### Task statement
The answer must give back every line of the data exactly, with no pictures.

*** Data section Section Begins ***

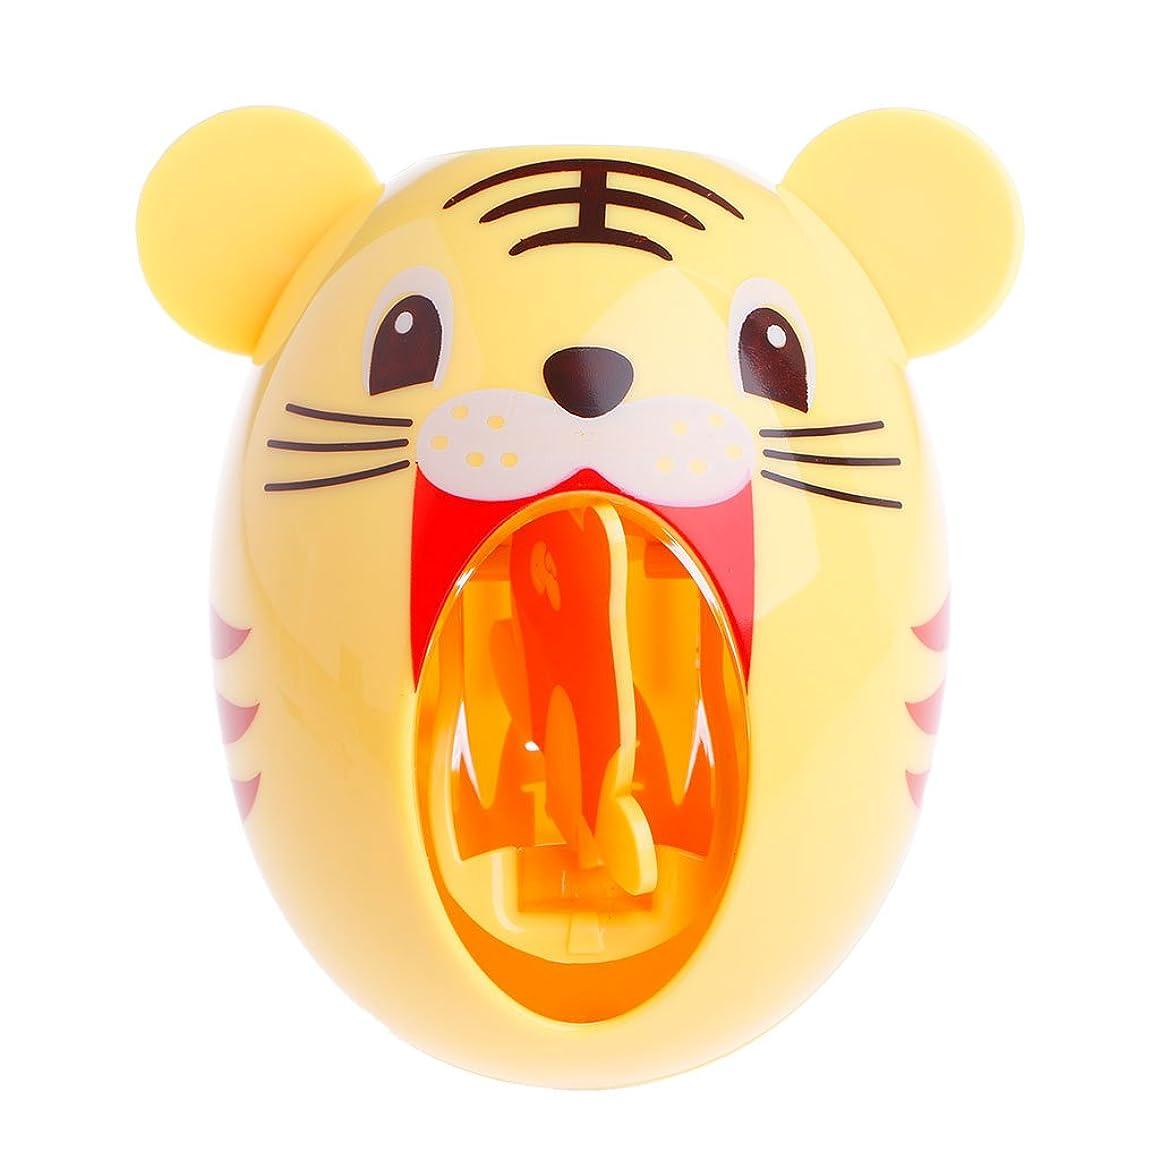 そよ風強制空白Lamdooキッズかわいい漫画の動物デザイン歯ブラシホルダー自動歯磨き粉ディスペンス
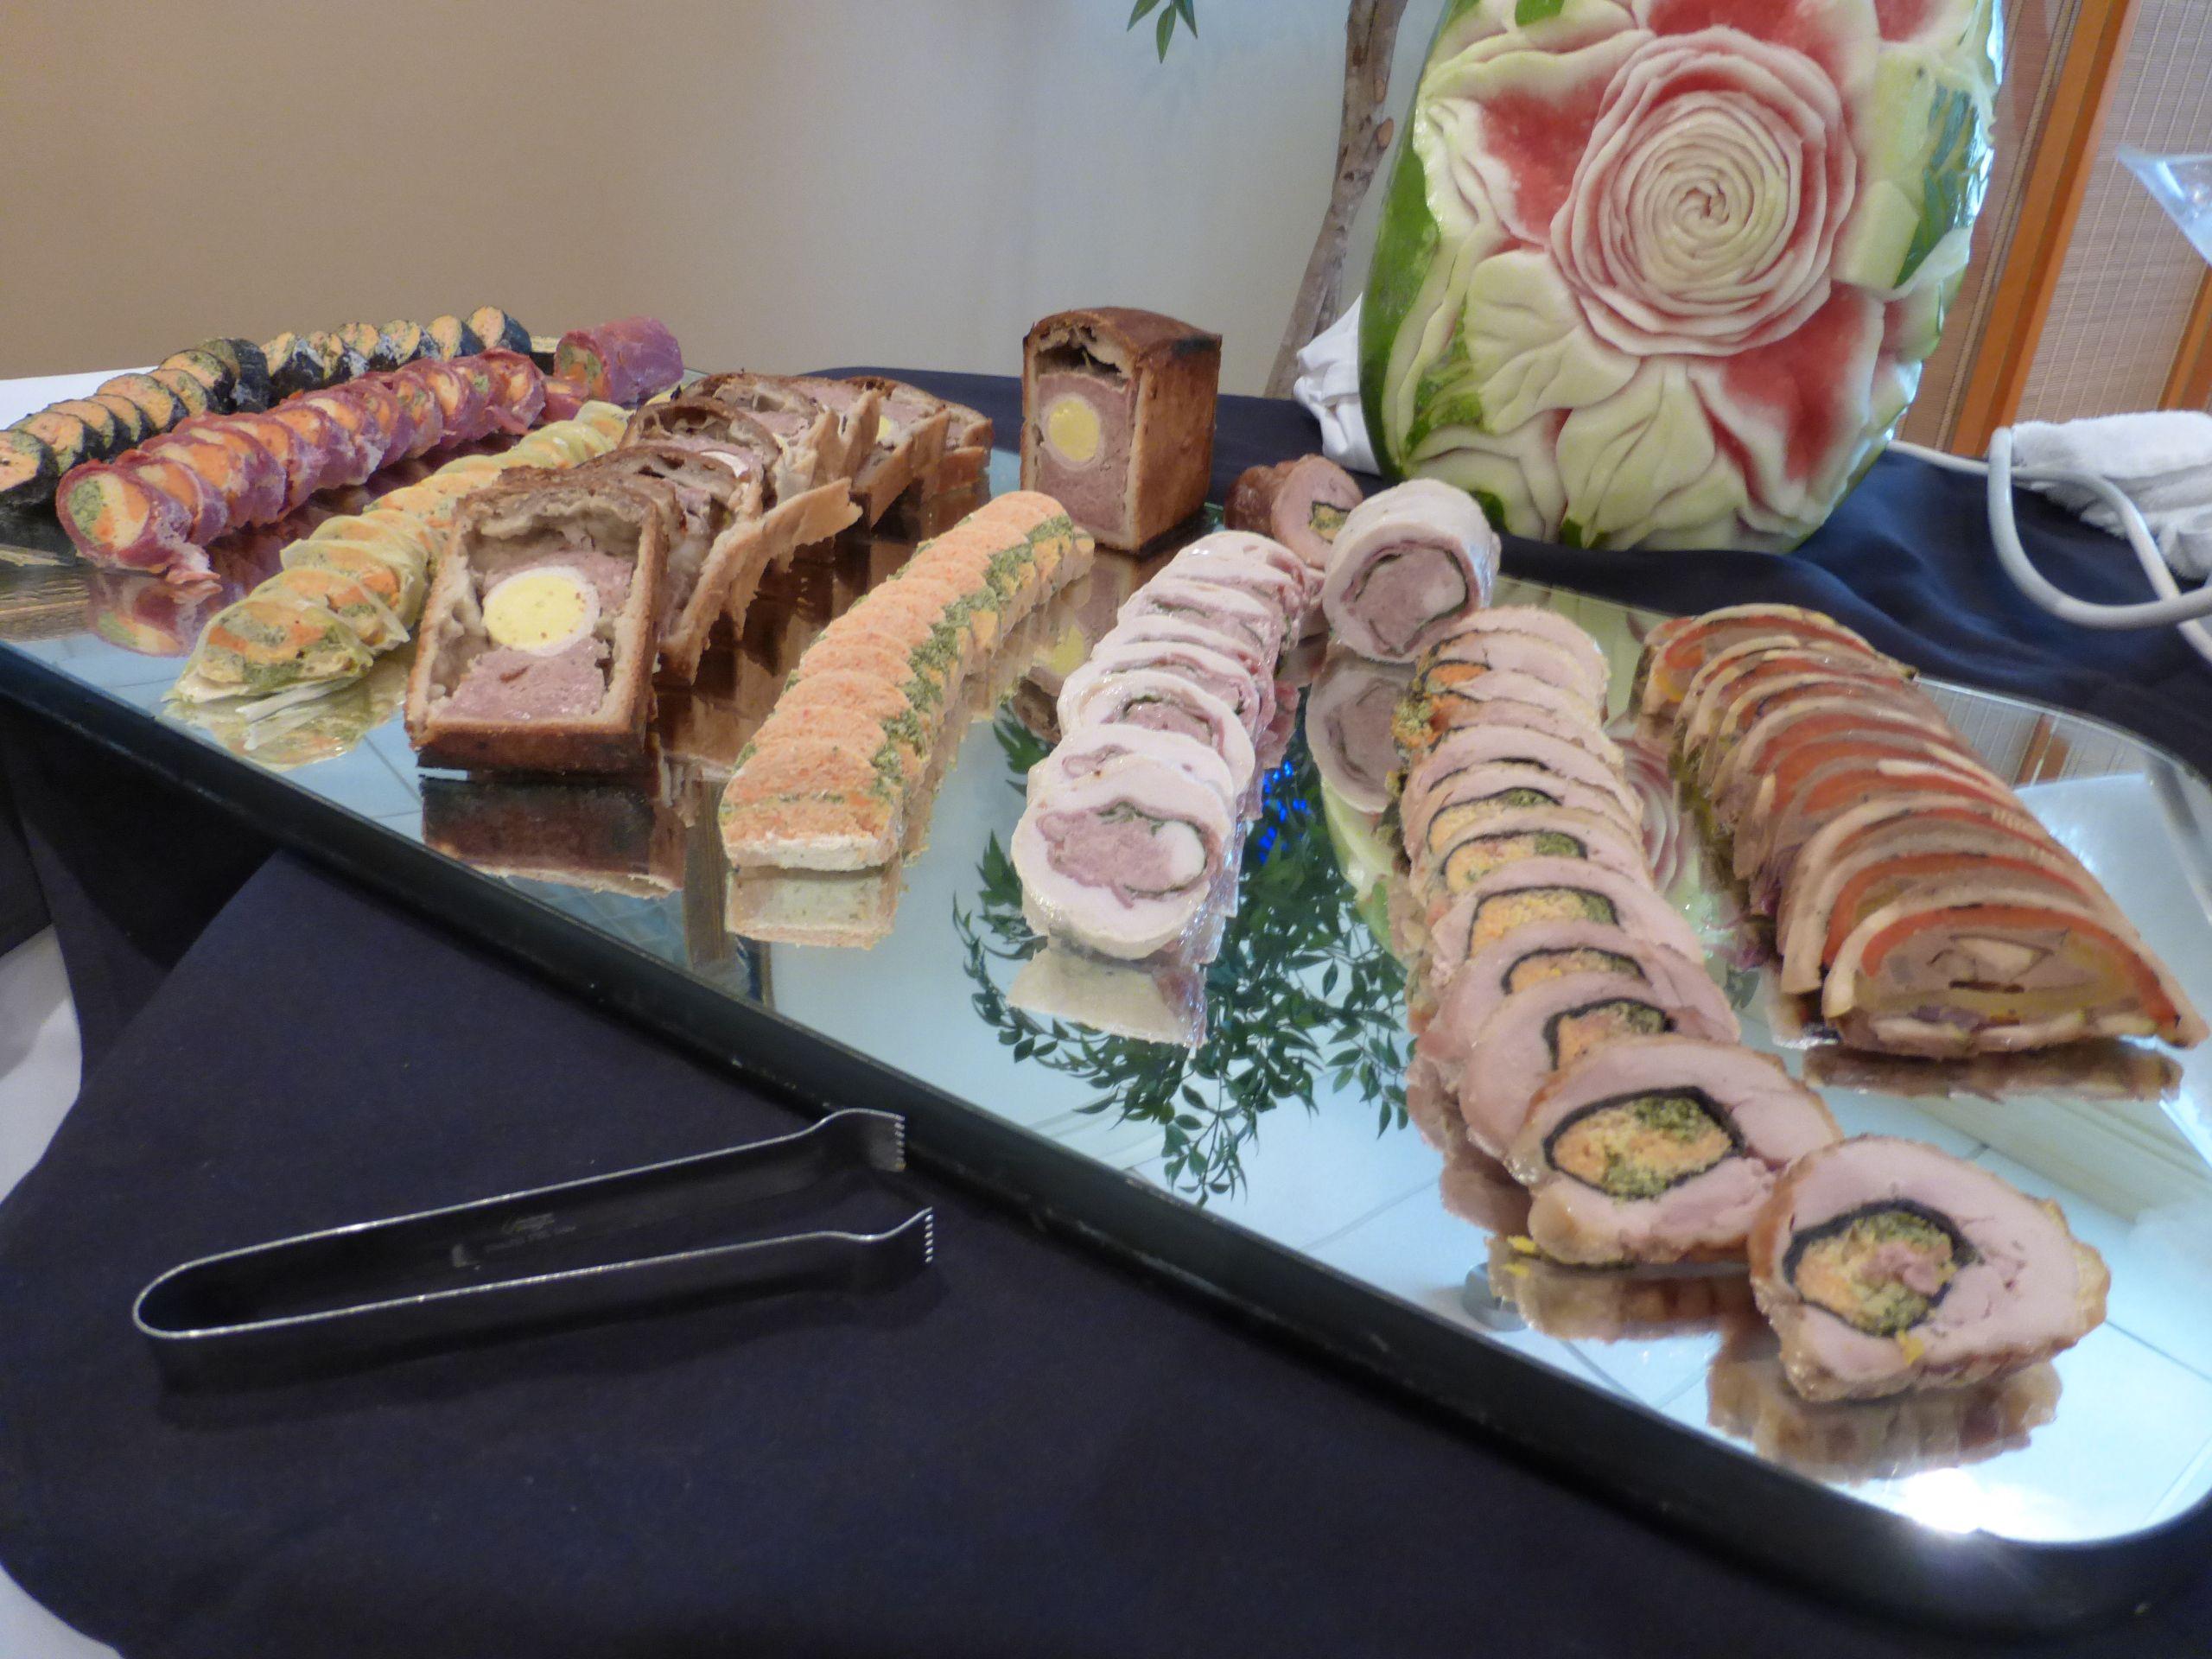 civ garde manger grande buffet 2013 garde manger pinterest food art food and recipes. Black Bedroom Furniture Sets. Home Design Ideas
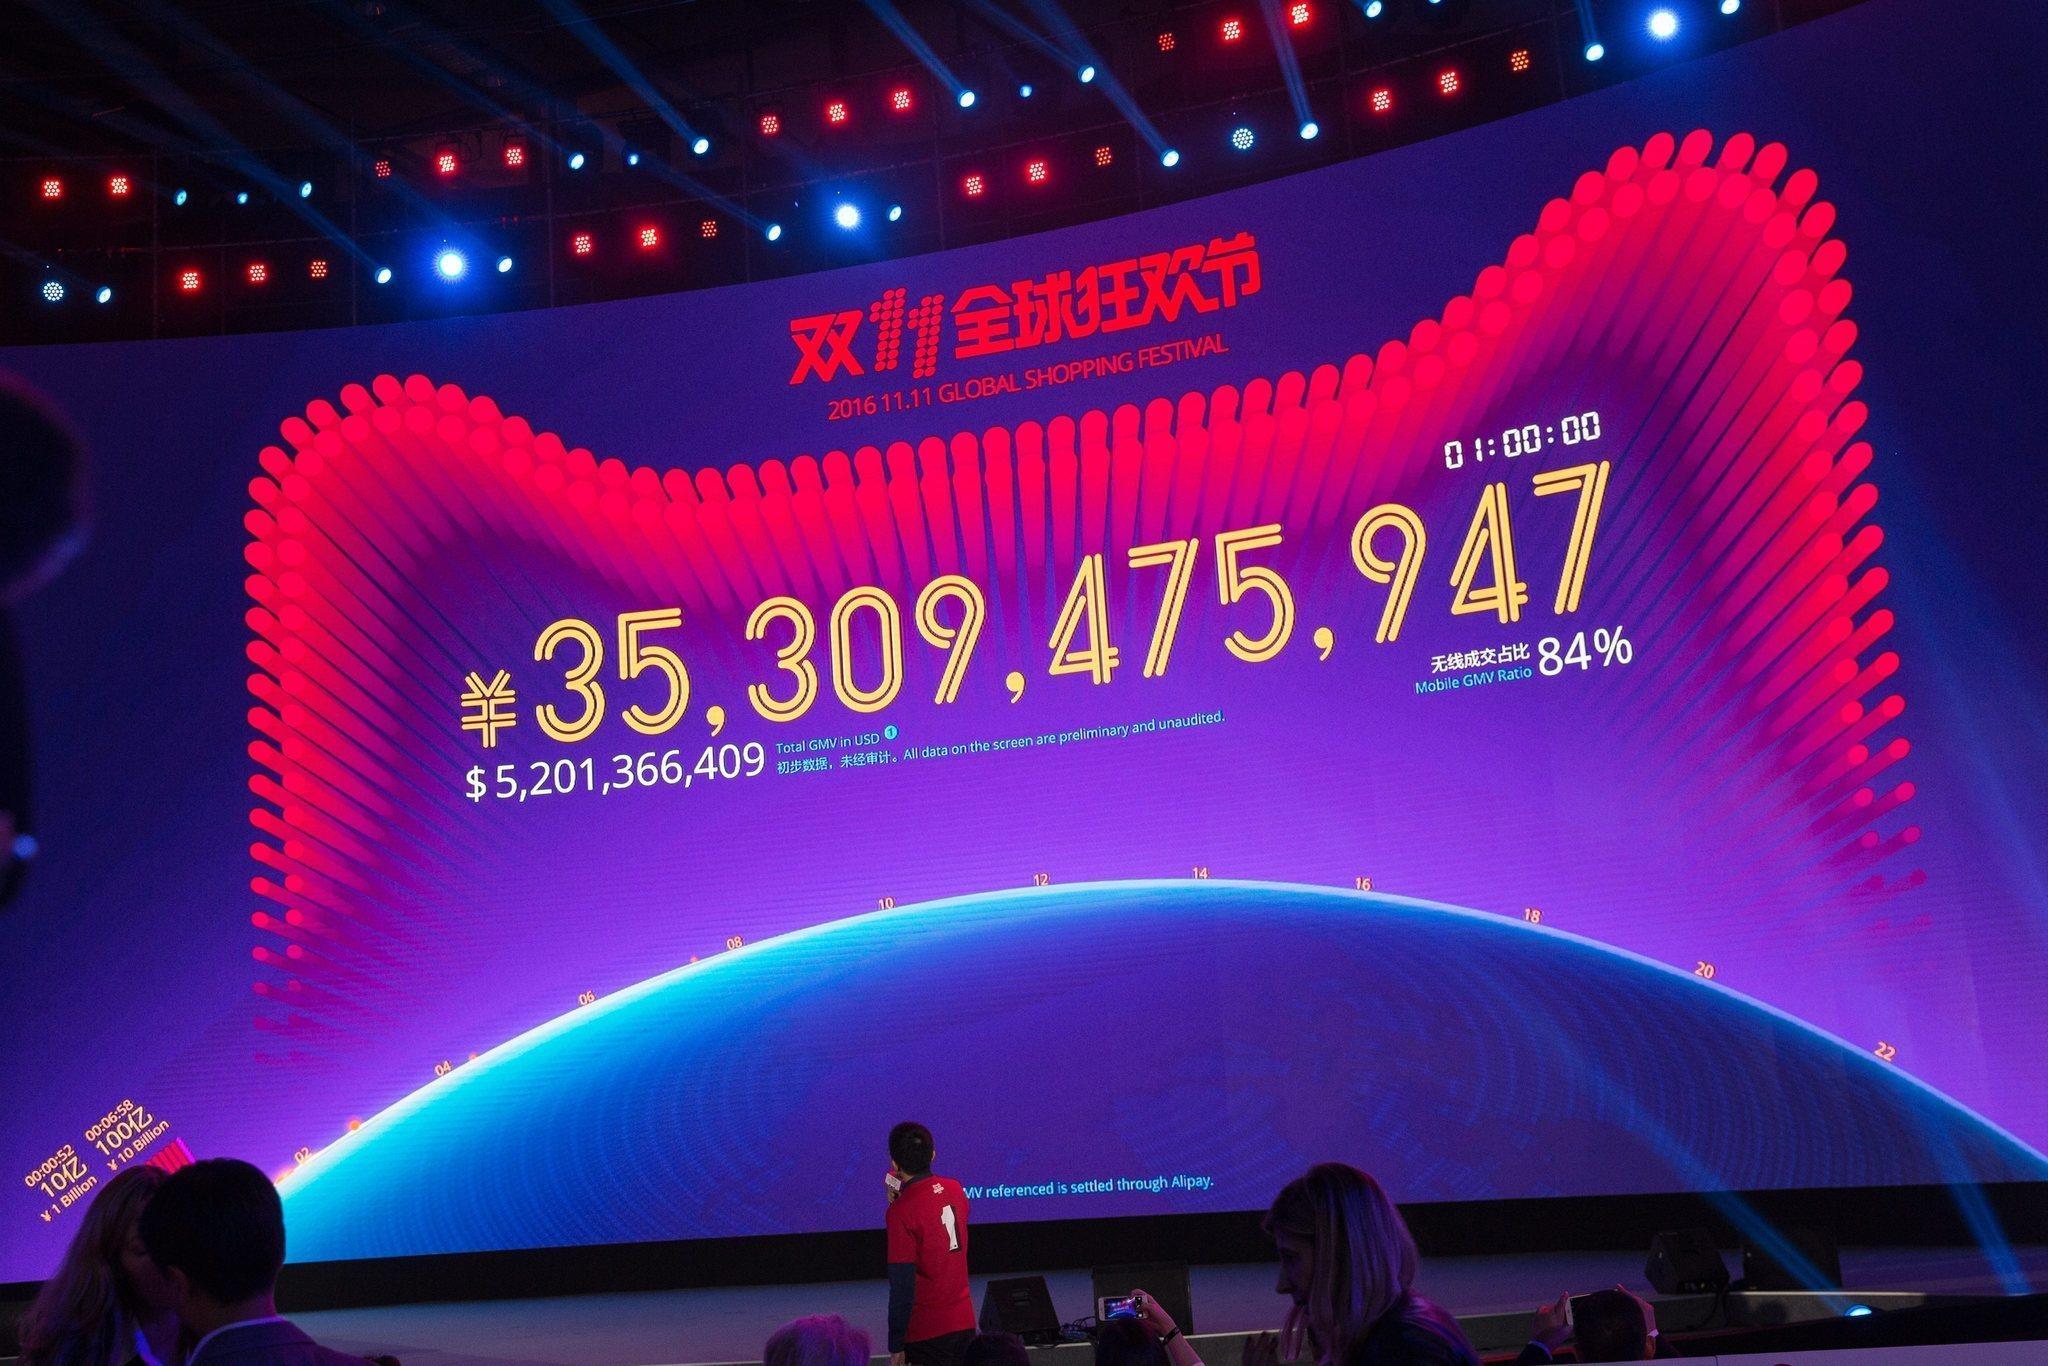 Doanh thu của Alibaba trong Singles Day đạt 1 tỷ USD chỉ trong 2 phút

*** Data section Section Ends ***

### Output below
 そよ風強制空白Lamdooキッズかわいい漫画の動物デザイン歯ブラシホルダー自動歯磨き粉ディスペンス
 civ garde manger grande buffet 2013 garde manger pinterest food art food and recipes. Black Bedroom Furniture Sets. Home Design Ideas
 Doanh thu của Alibaba trong Singles Day đạt 1 tỷ USD chỉ trong 2 phút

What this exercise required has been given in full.